The best way to vent my inner turmoil in that moment would have been to sing more Winterreise – but no, I thought, apparently my soulless Winterreise doesn’t convey any emotion so there would be no point in doing that!

While I experienced great emotional contrasts (from tenderness to rage) in the performance and thought I was communicating them, what actually came across to my teacher on this particular run-through was a narrow dramatic range, not enough variety between sections. Also, she thought my physicality could be more relaxed (less shifting back and forth and conducting with my hands) and I should take calmer breaths earlier, rather than gasping right before phrases began. And there were places where I could have rolled my German r’s with more vigor.

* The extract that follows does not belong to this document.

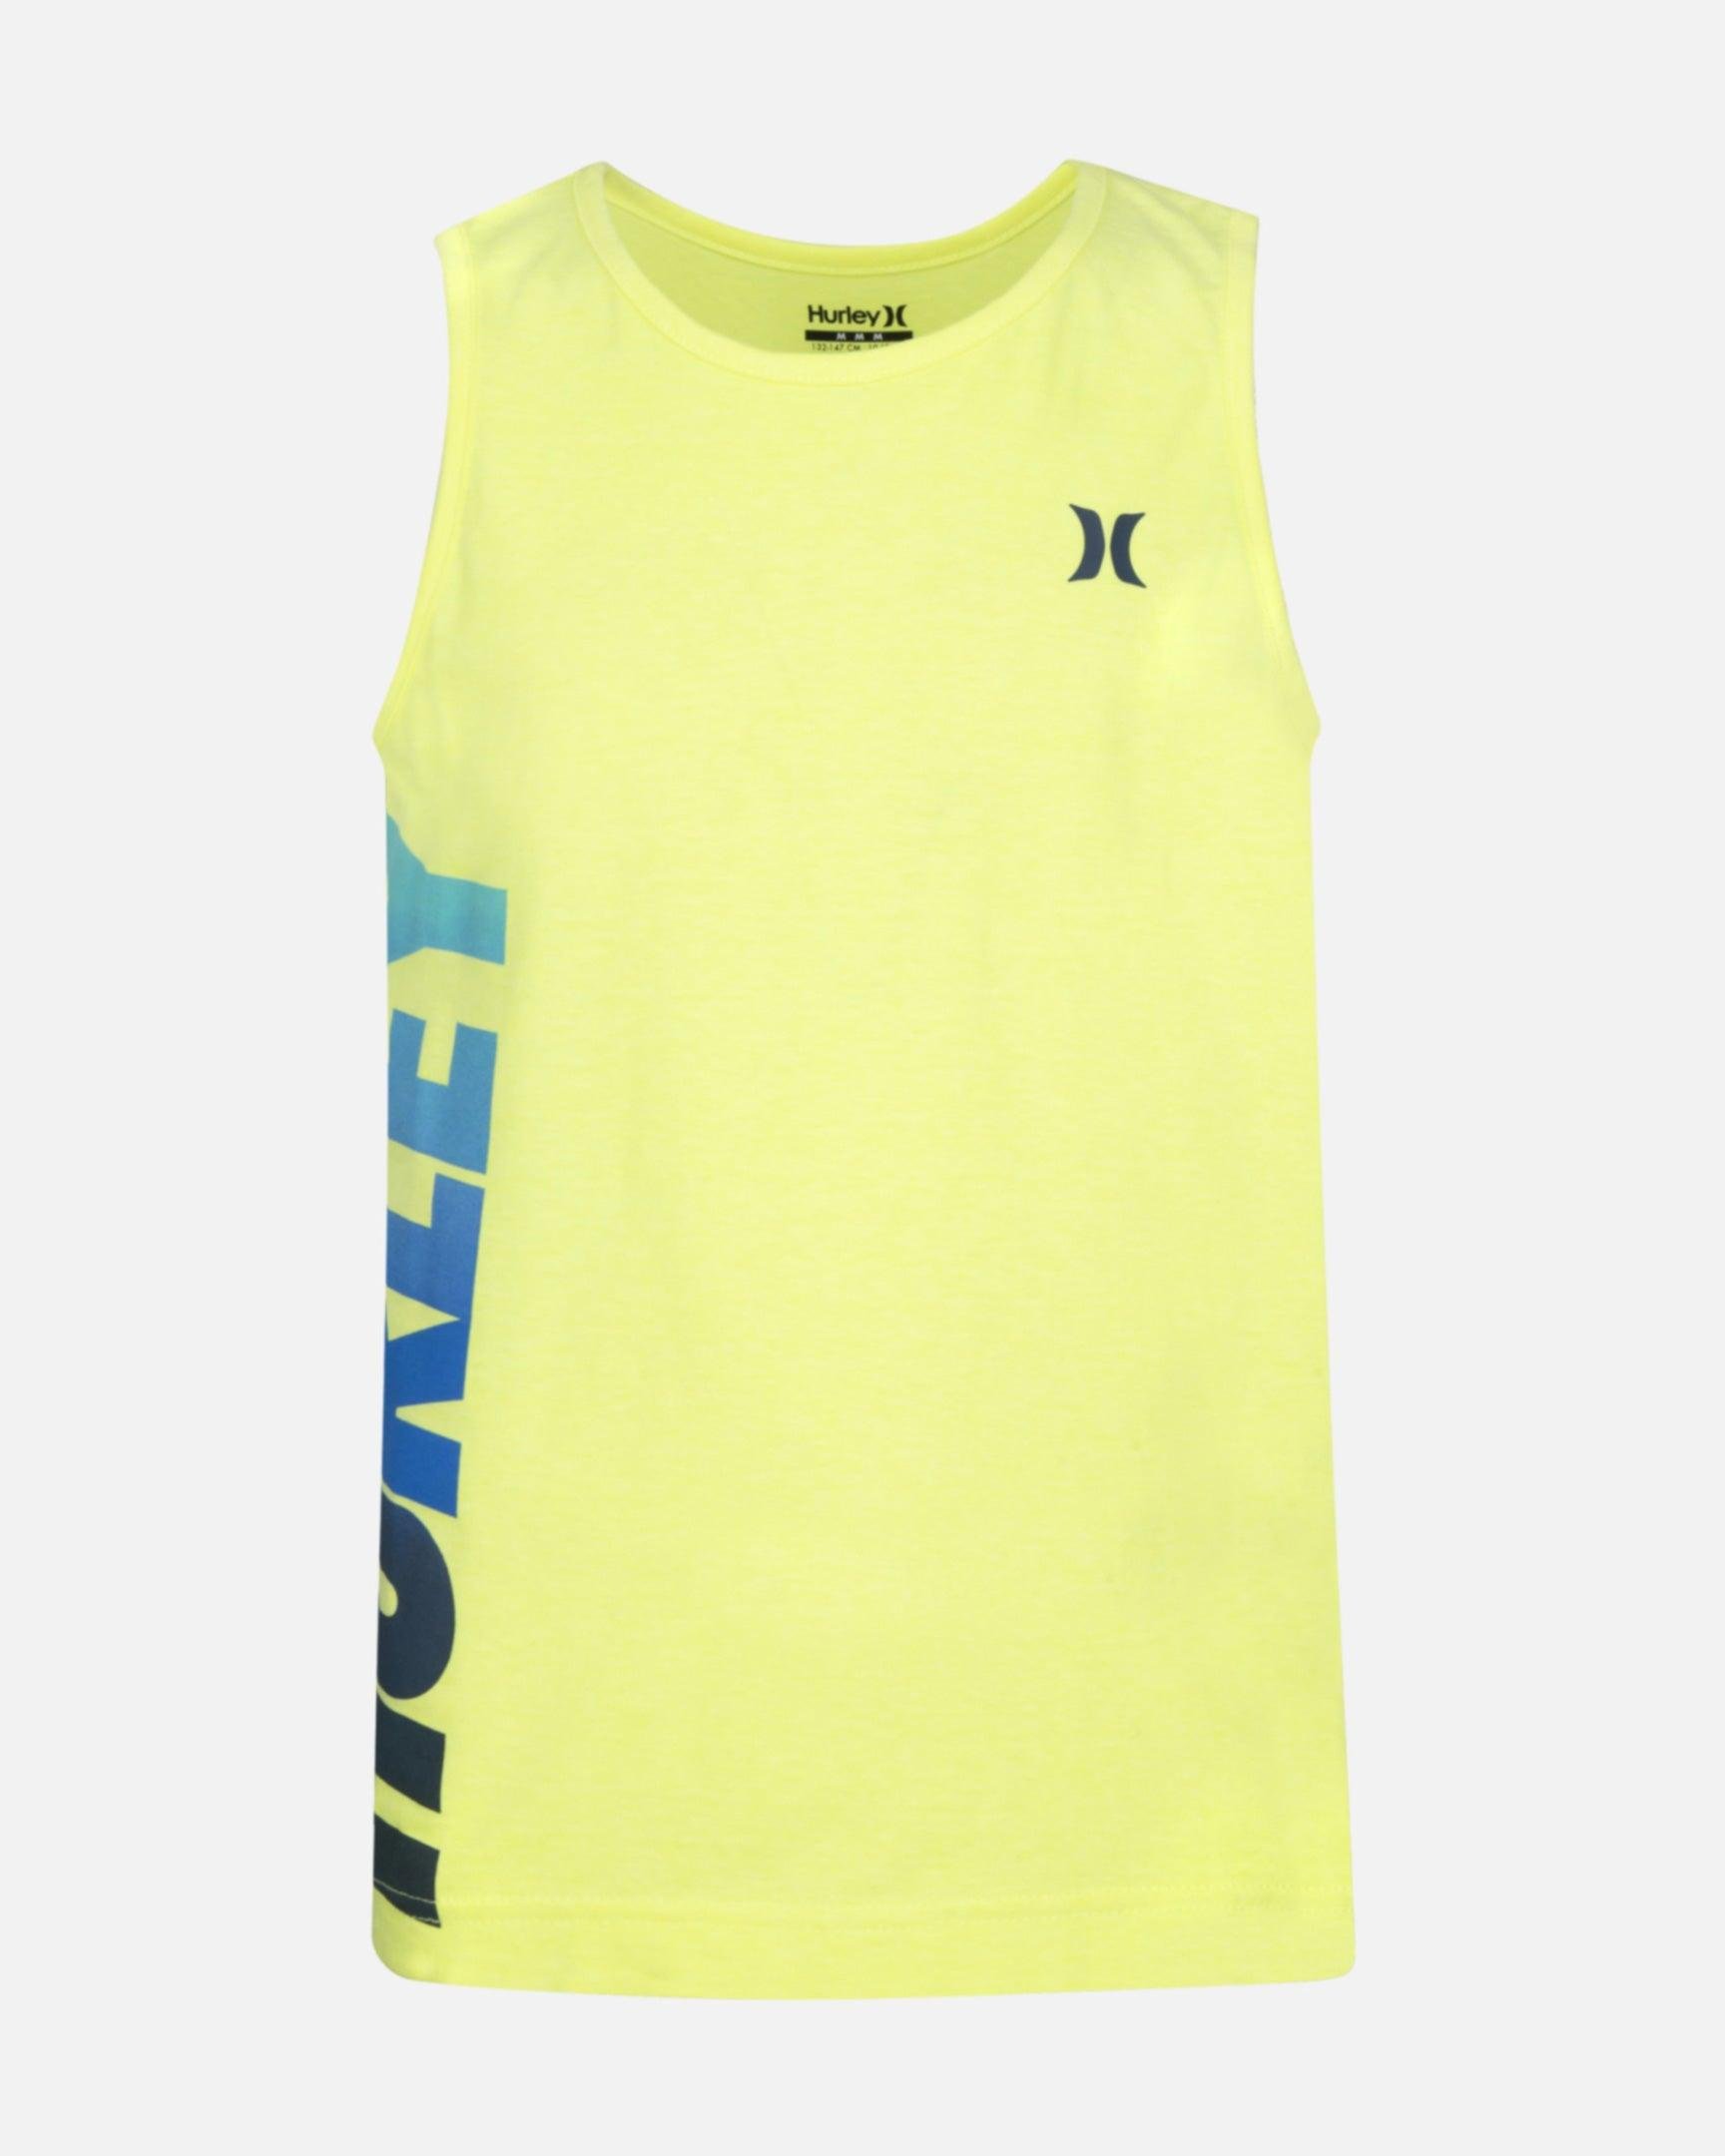 Boys Graphic Tank Top by HURLEY

My teacher’s technical comments did not surprise me – these were precisely the things I had chosen not to worry about during my uninhibited performance, but I expected I’d still have to go back and work on them. The more confusing thing was that all the inner passion which I assumed must necessarily manifest in my singing just hadn’t come through. This was one of the most fervid moments I remembered having in the voice studio, and I felt I had taken a real risk in laying myself bare like that. For someone who’s usually reserved, these times of exposure don’t come often. How could my experience of performing the piece be so at odds with what my teacher perceived?

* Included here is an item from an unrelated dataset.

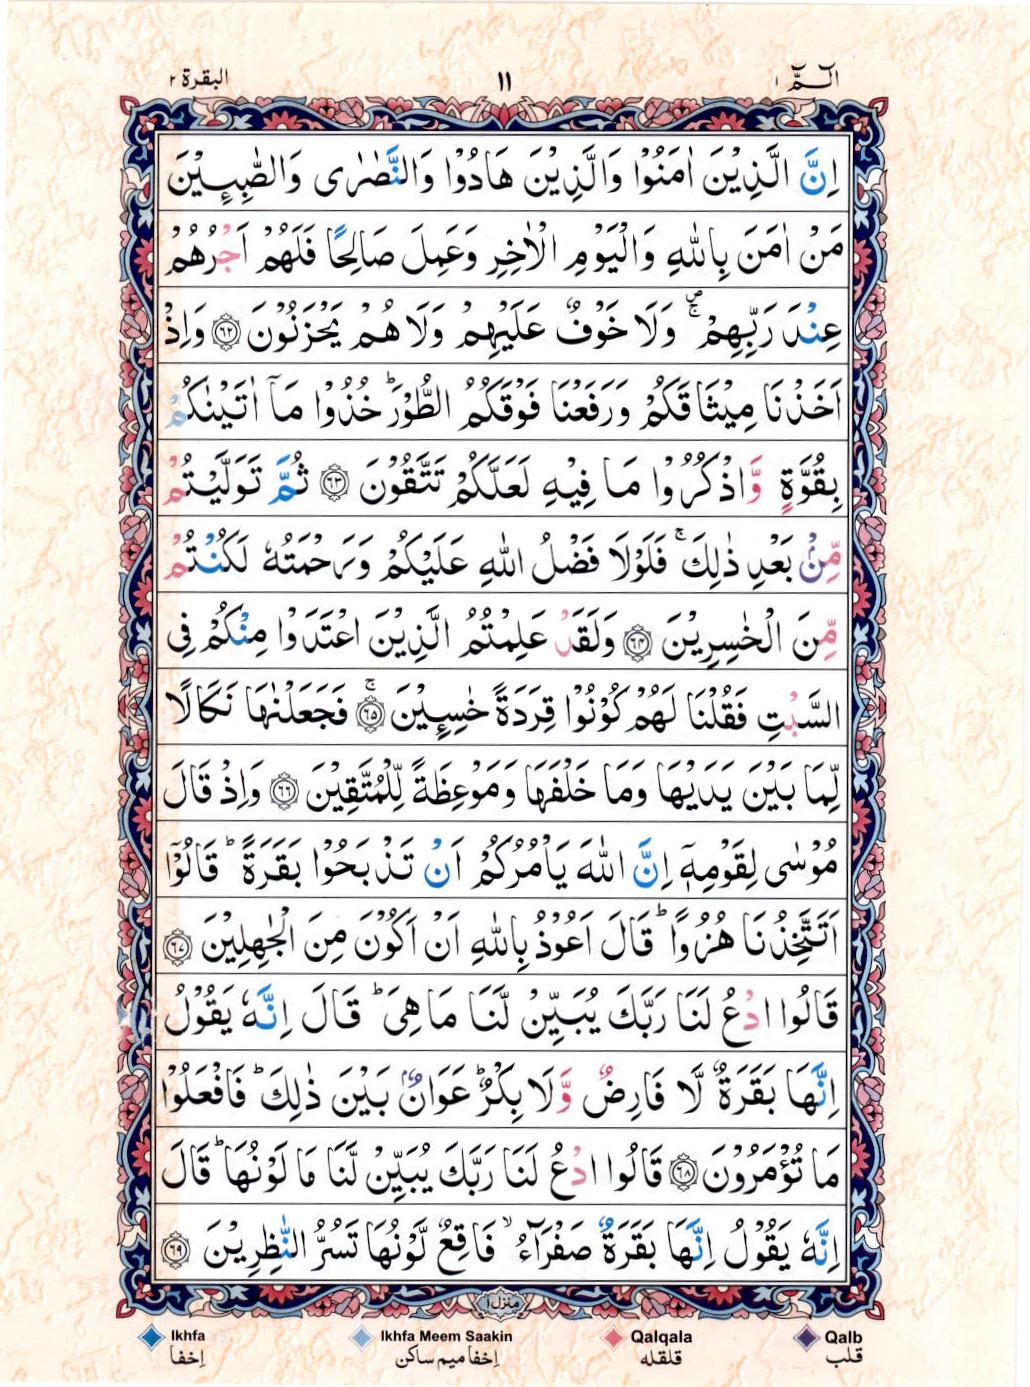 Read 15 Lines Coloured Coded Quran Part 1 Page No 11, Practice Quran

At one point in my life, a disconnect like this would have been more than confusing, it would have been crippling, sending me into a spiral of questioning and doubt. As an audience member – on the one hand – I’ve always reveled in the mystery of artistic expression. While we can analyze a performance and talk about its features, there’s no way to systematically predict what will move a listener, or how communication between artist and audience will unfold – and that keeps the game interesting. But when it comes to my own performances (whether in singing, playing guitar, speaking, or any other medium) I’ve always wanted there to be a clear causal relation between inner experience and external response. I want to know that what the audience hears will be somehow connected to what I feel, or at least that when I have a great inner moment, something rare and transcendent, when I think I’m at my very best, it won’t all turn out to be a fantasy! When that hope has failed, I’ve often become obsessed with trying to understand why. Where did the communication go wrong? Was I deluded, or was the listener in the wrong, or was something strange happening in the air between us?

In this particular context I began to wonder whether my teacher and I read the Schubert score differently — perhaps our interpretations were simply irreconcilable? Or maybe she was concentrating mainly on technical points as she listened? Or could it just have been that I was “off” without knowing it? But then how could it have felt so right? Endless questions sprung up, but I was able to walk away from them before too long, and that’s a choice that would have been difficult for me to make earlier in my life. It’s frustrating when there’s a disconnect and then… no, you don’t go and brood over it for hours… you go on and sing the next piece.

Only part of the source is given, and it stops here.